Merged dataset is in table below

Preprocessing Task Steps

To preprocess the dataseт, follow the steps outlined below:

Splitting into Train, Validation, and Test Sets: Dataset is divided into three subsets: a training set, a validation set, and a test set. The training set will be used to train the model, the validation set will be used for tuning hyperparameters and evaluating the model during training, and the test set will be used for final evaluation.
Creating Transformer Encodings: Generate transformer encodings for the dataset. These encodings should include two fields: "class" and "text". The "class" field will contain the labels for each instance, and the "text" field will contain the corresponding input text.

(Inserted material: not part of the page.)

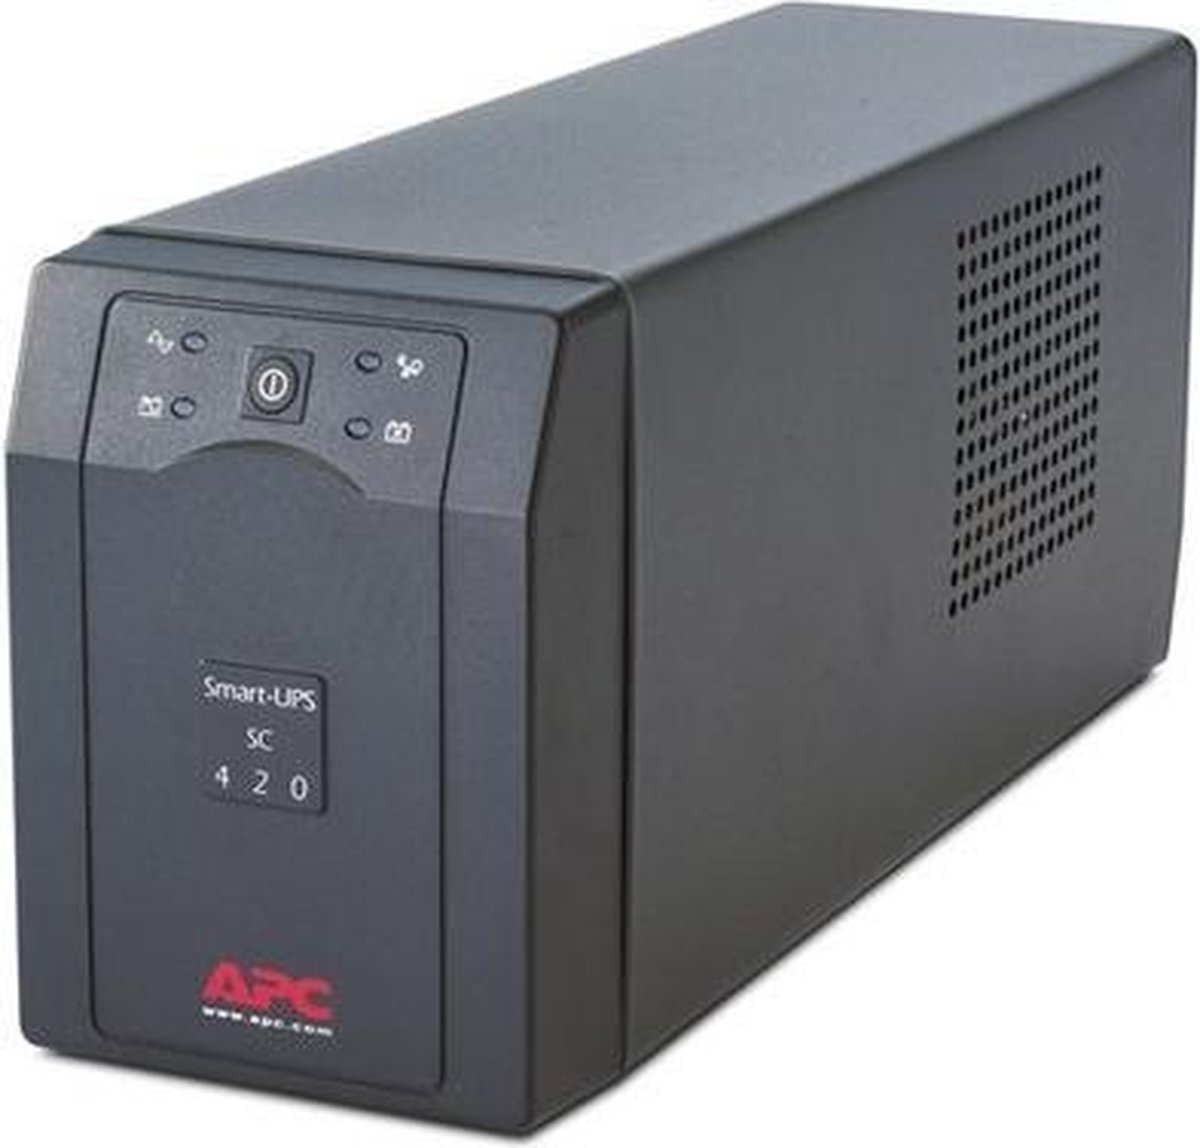 APC Uninterruptible Power Supply - APC Smart-UPS SC 420VA 230V - APC
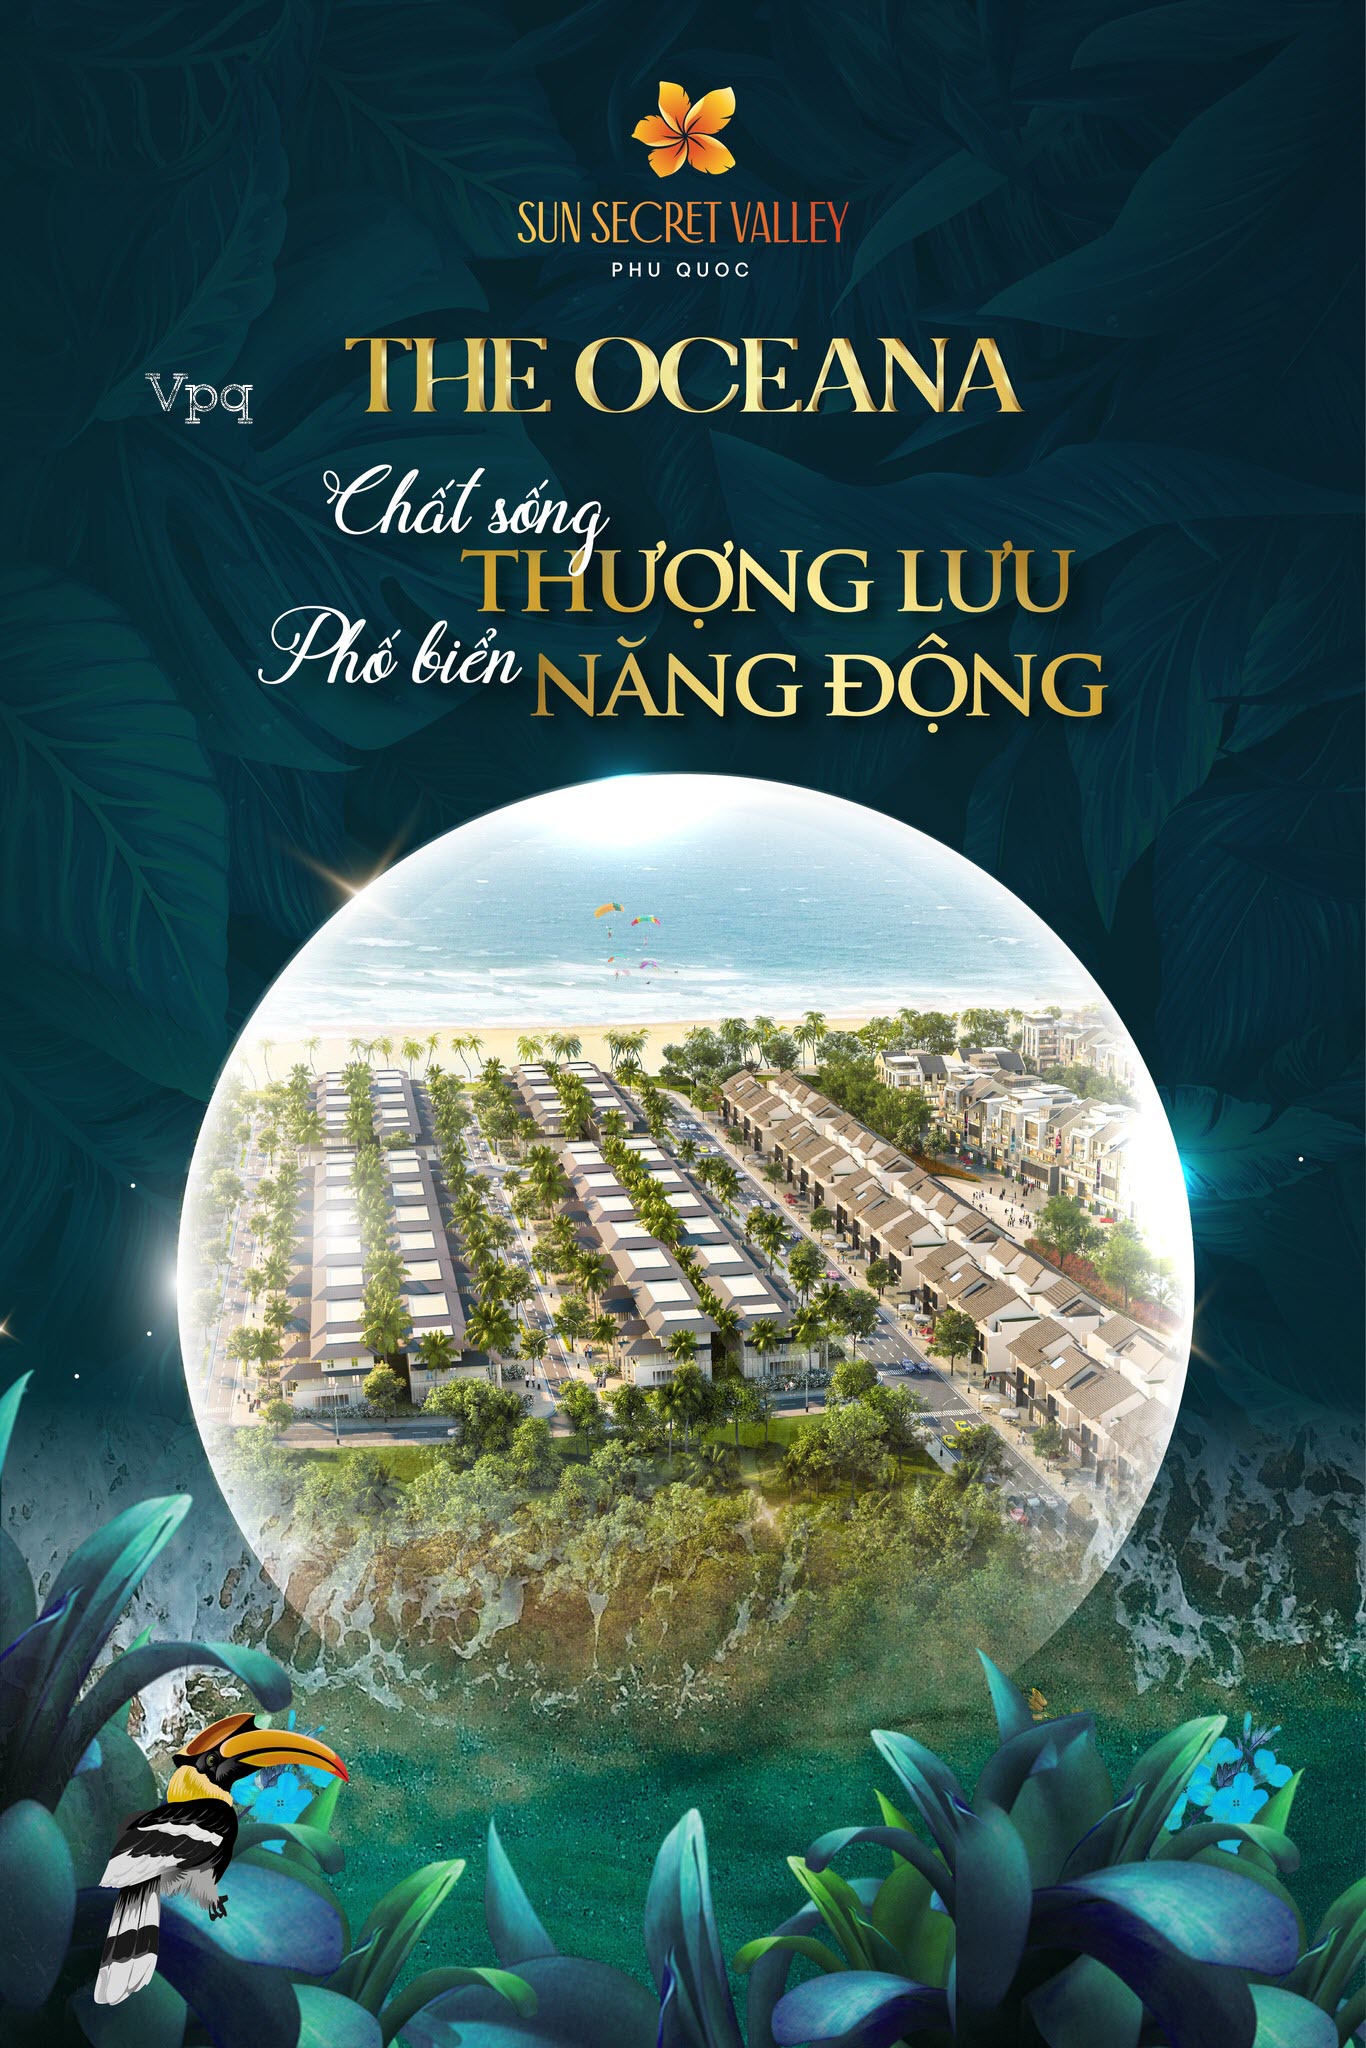 The Oceana: Chất sống thượng lưu, phố biển năng động

These encodings are necessary for feeding the data into a transformer-based model.
Aligning Labels with BERT Tokens: Perform label alignment with BERT tokens. This step involves mapping the labels to align with the corresponding tokens generated by the BERT tokenizer. Ensure that the labels are correctly aligned with the appropriate tokens to maintain the integrity of the dataset.
Transforming into Torch Dataset: Convert the preprocessed dataset into a Torch dataset, which will serve as the input for your model. The Torch dataset provides compatibility with PyTorch. This conversion allows for seamless integration of the dataset with your model and facilitates efficient training and evaluation.

By following these preprocessing steps, you will have a properly prepared dataset ready for training your model. Ensure that each step is executed accurately and thoroughly to ensure the reliability and effectiveness of your results.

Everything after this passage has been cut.